[TASK GOAL] Could you transcribe all of the data exactly and skip any pictures?
[Opening MATERIAL PROVIDED section]
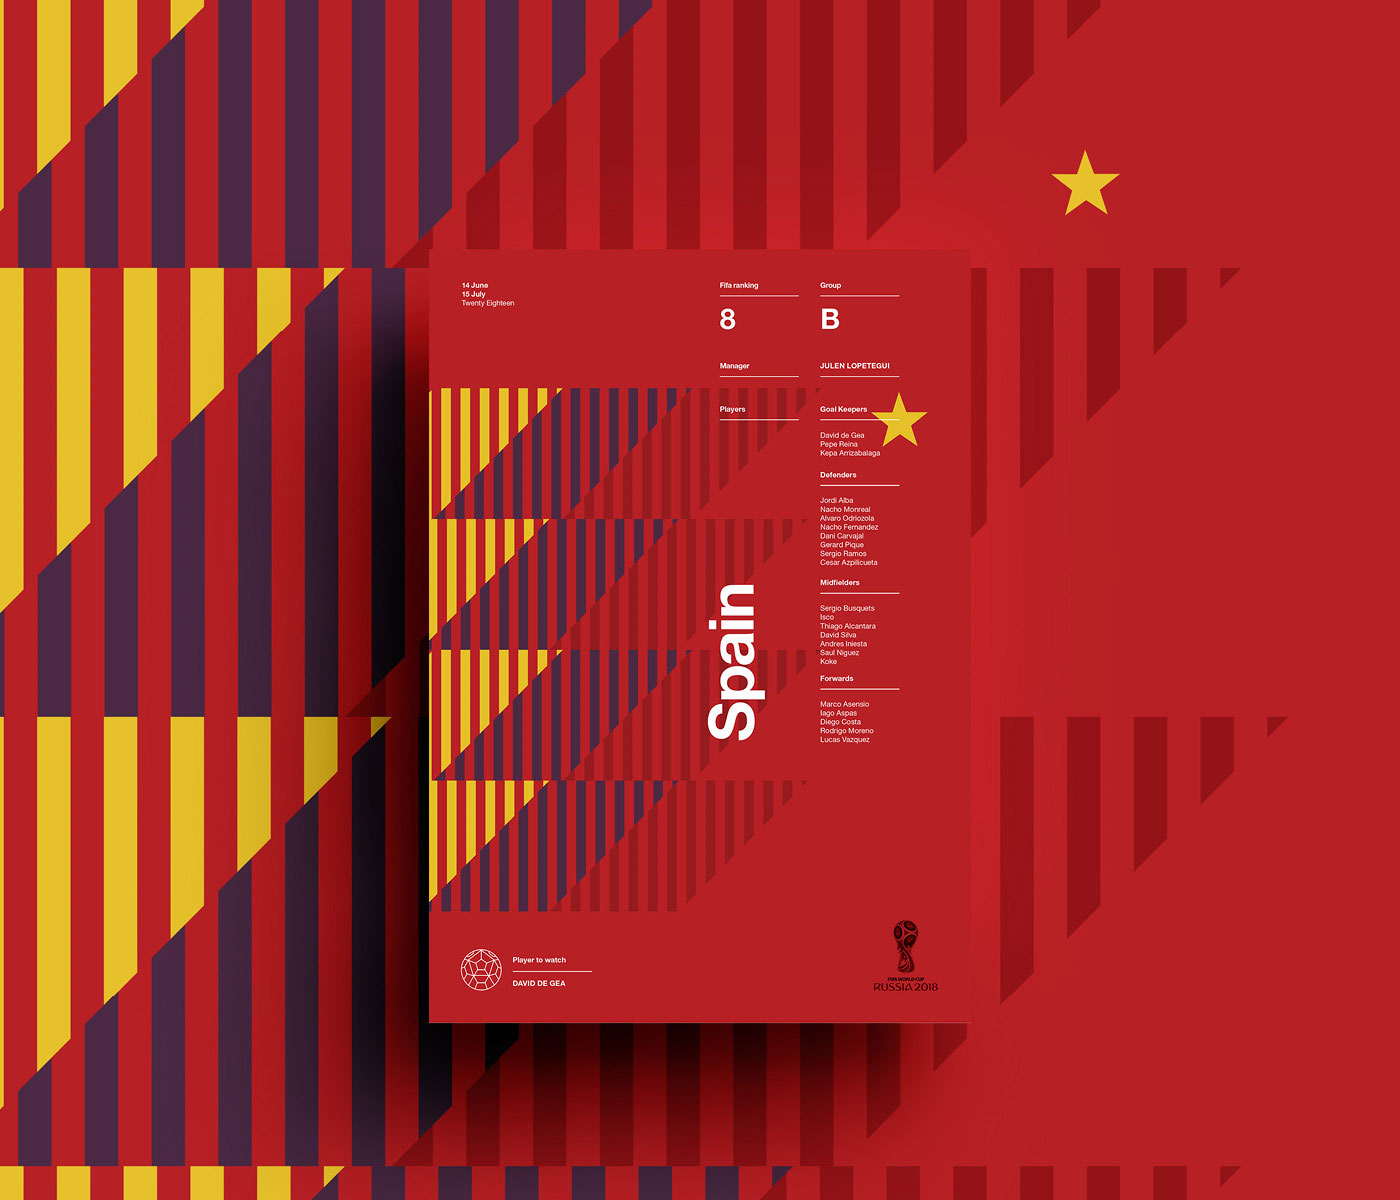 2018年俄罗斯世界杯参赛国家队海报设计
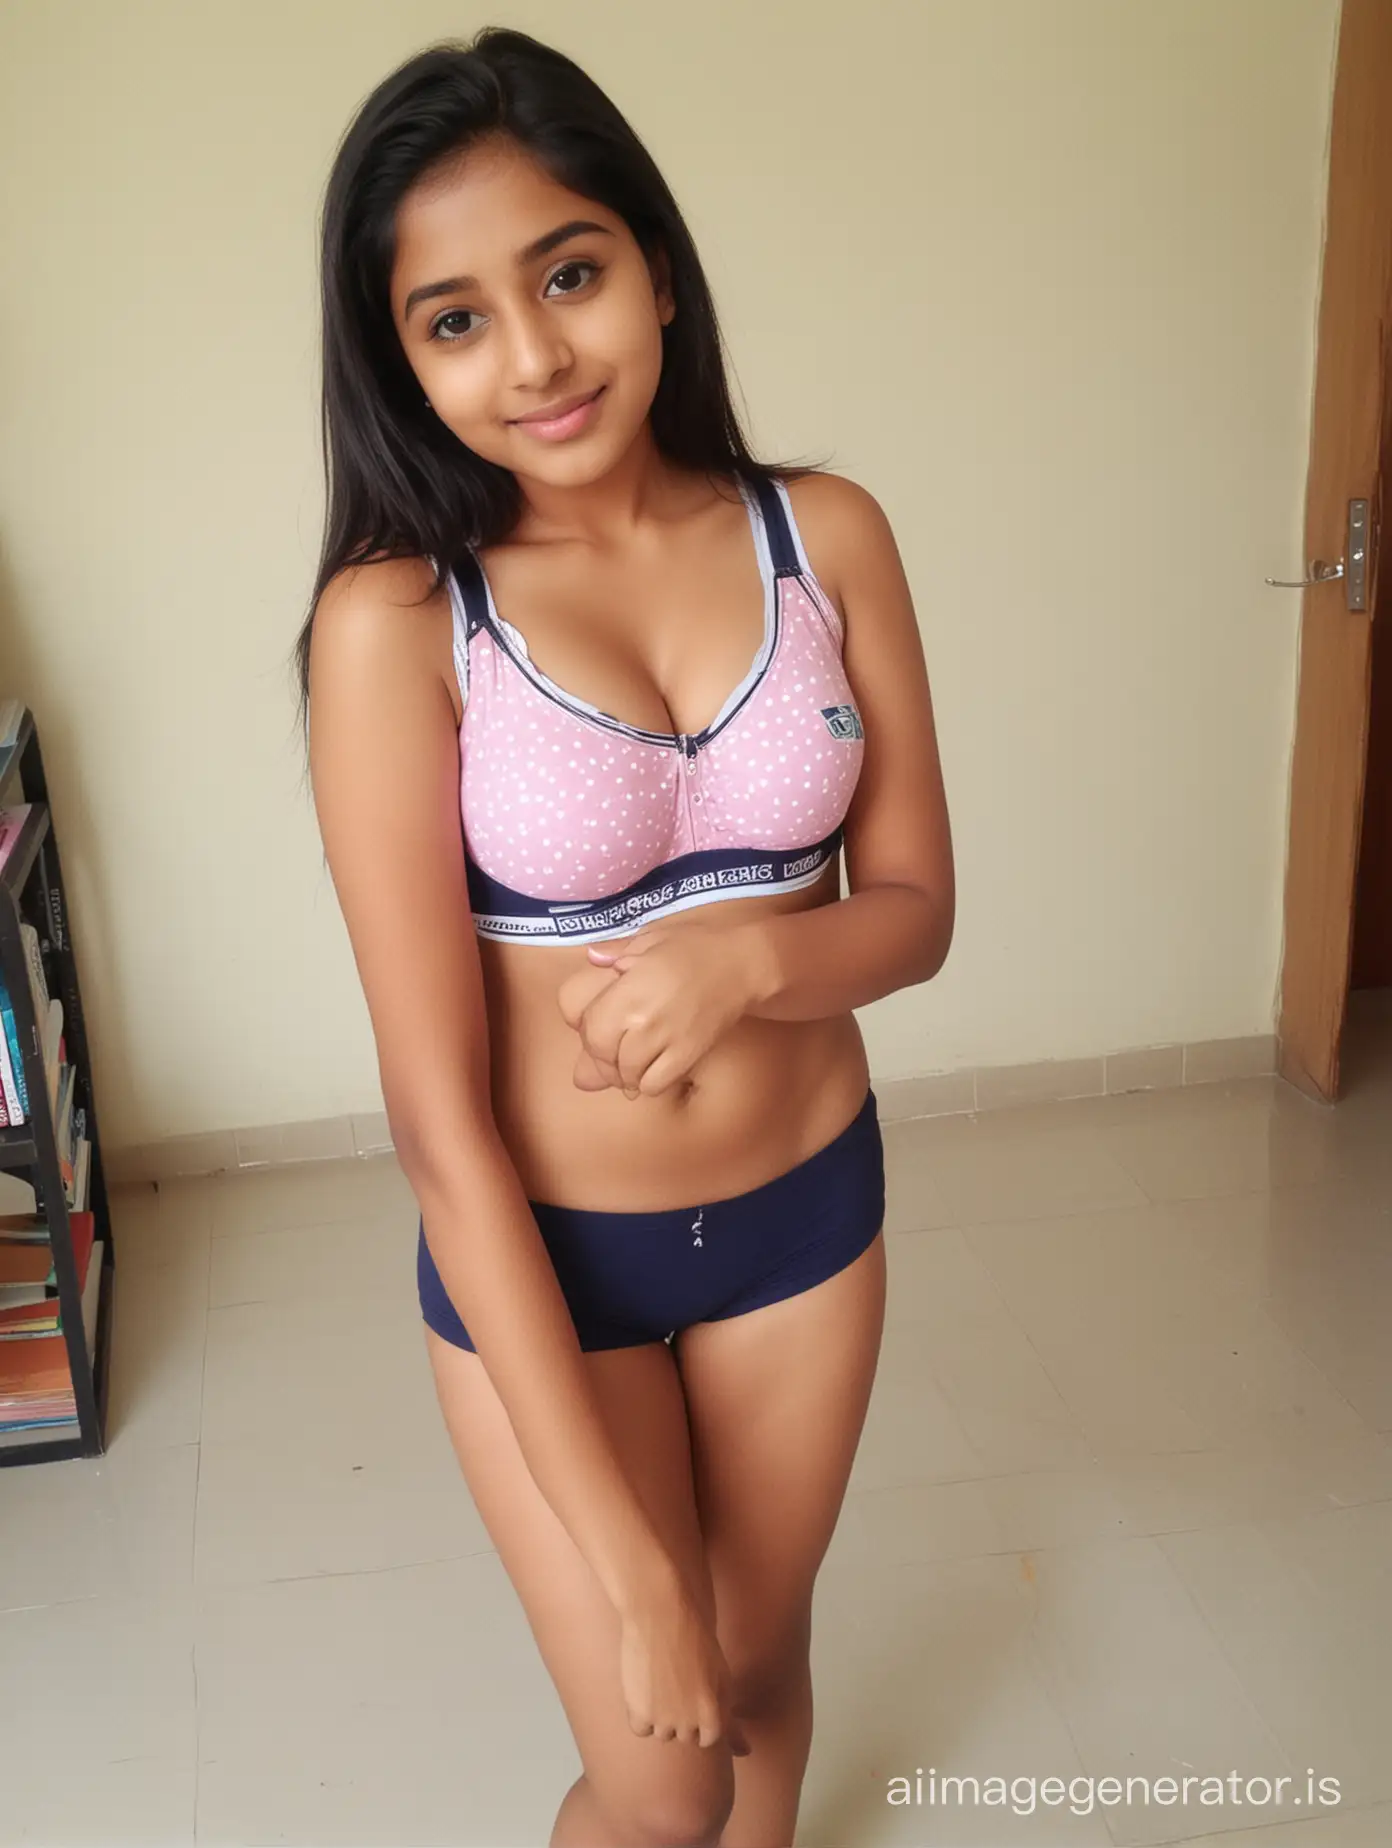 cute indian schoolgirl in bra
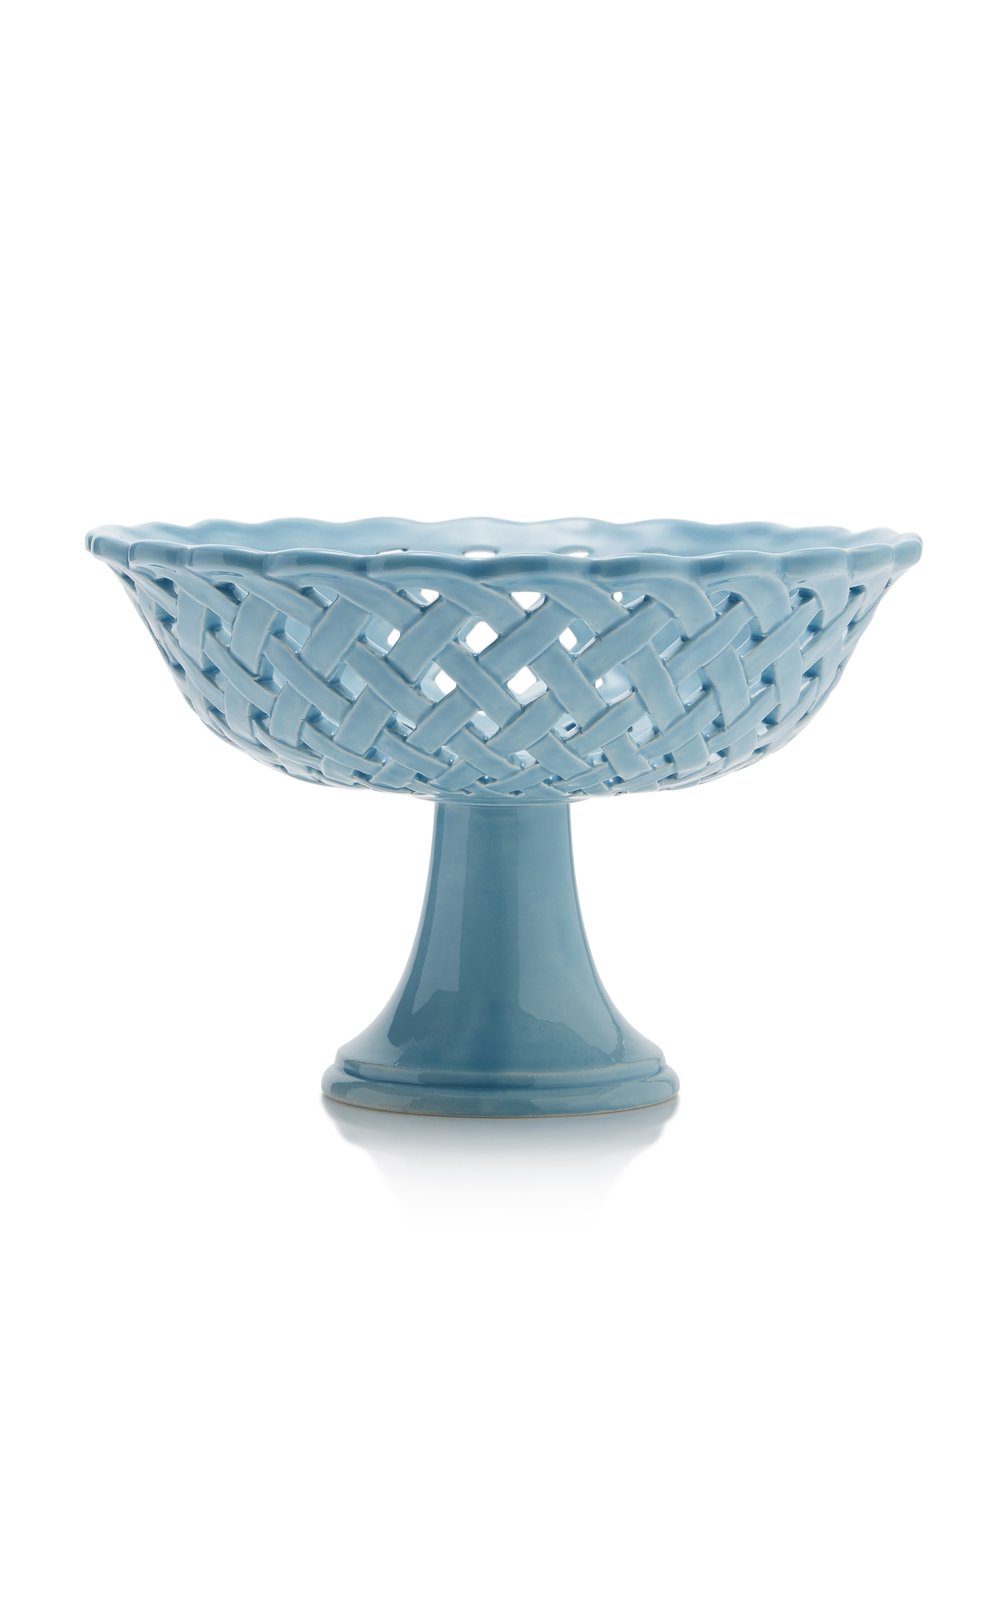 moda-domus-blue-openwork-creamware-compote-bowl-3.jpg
[Closing MATERIAL PROVIDED section]
[RESPONSE AREA]
 2018年俄罗斯世界杯参赛国家队海报设计
 cute indian schoolgirl in bra
 moda-domus-blue-openwork-creamware-compote-bowl-3.jpg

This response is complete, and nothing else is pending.